Resources created from Docker labels are not removed when labels are deleted, leaving services unintentionally exposed #1864
Description
Describe the Bug
When a Pangolin resource is created via Docker labels, it correctly appears in the UI.
However, if those labels are later removed from the Docker Compose configuration and the container is restarted, the Pangolin resource remains active instead of being removed or disabled.
This results in a potentially dangerous situation where a service is still reachable from the public network even though the configuration-as-code source (Git) no longer defines any labels for it.
Users familiar with Traefik may assume resources are dynamically added/removed based on labels, potentially leading to accidental exposure.
This may relate to: https://github.com/orgs/fosrl/discussions/1648
Environment
- OS Type & Version: 22.04.1-Ubuntu
- Pangolin Version: 1.10.0
- Gerbil Version: 1.2.1
- Traefik Version: 3.4.0
- Newt Version: 1.6.0
To Reproduce
- Deploy the following minimal Docker Compose configuration:
services:
hello:
image: nginxdemos/hello:0.4
container_name: hello
labels:
- pangolin.proxy-resources.hello.full-domain=hello.${DOMAIN}
- pangolin.proxy-resources.hello.targets[0].method=http
networks:
- fossorial_newt
networks:
fossorial_newt:
external: true- Start the stack (docker compose up -d).
➜ The resource appears in Pangolin as expected. - Remove the two Pangolin labels from the hello service.
- Restart the container.
- Check the Pangolin UI and test public accessibility.

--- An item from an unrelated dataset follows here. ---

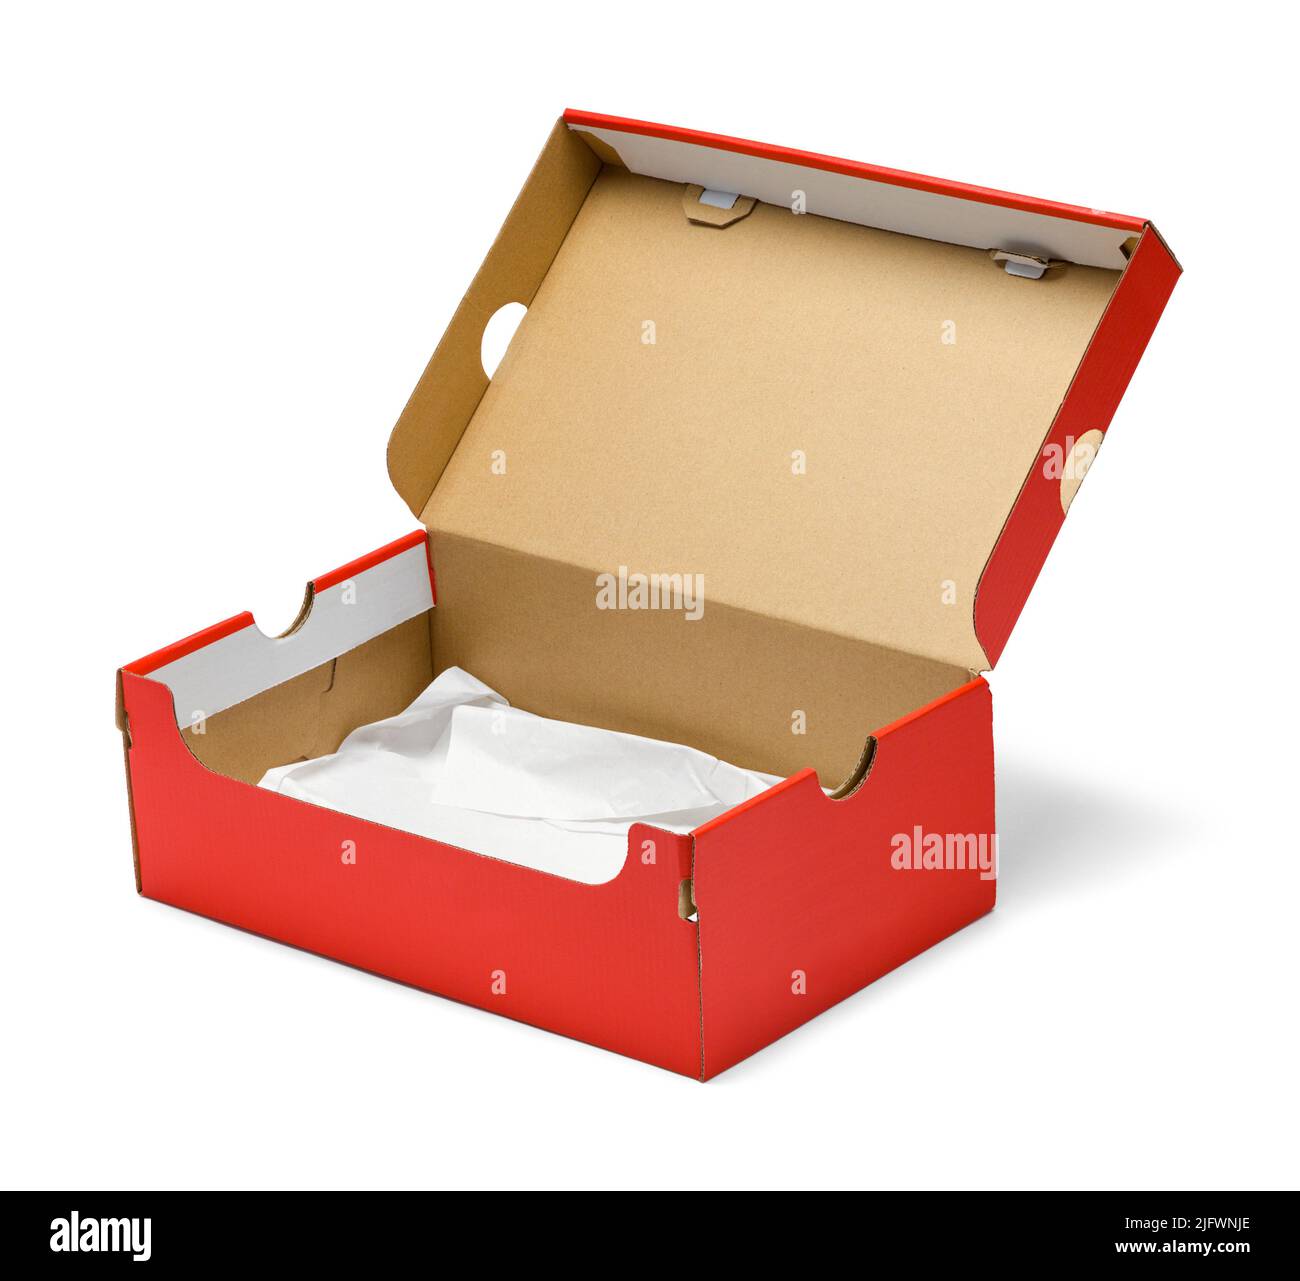 Red Open Shoe Box Cut Out on White. Stock Photo

➜ The resource is still present and the service remains reachable.
Expected Behavior
When labels defining a resource are removed:
• The Pangolin resource should automatically disappear, or automatically disable itself.
• The service should no longer be reachable via the proxy.
• The UI should match the state defined in Docker Compose so Git remains the single source of truth.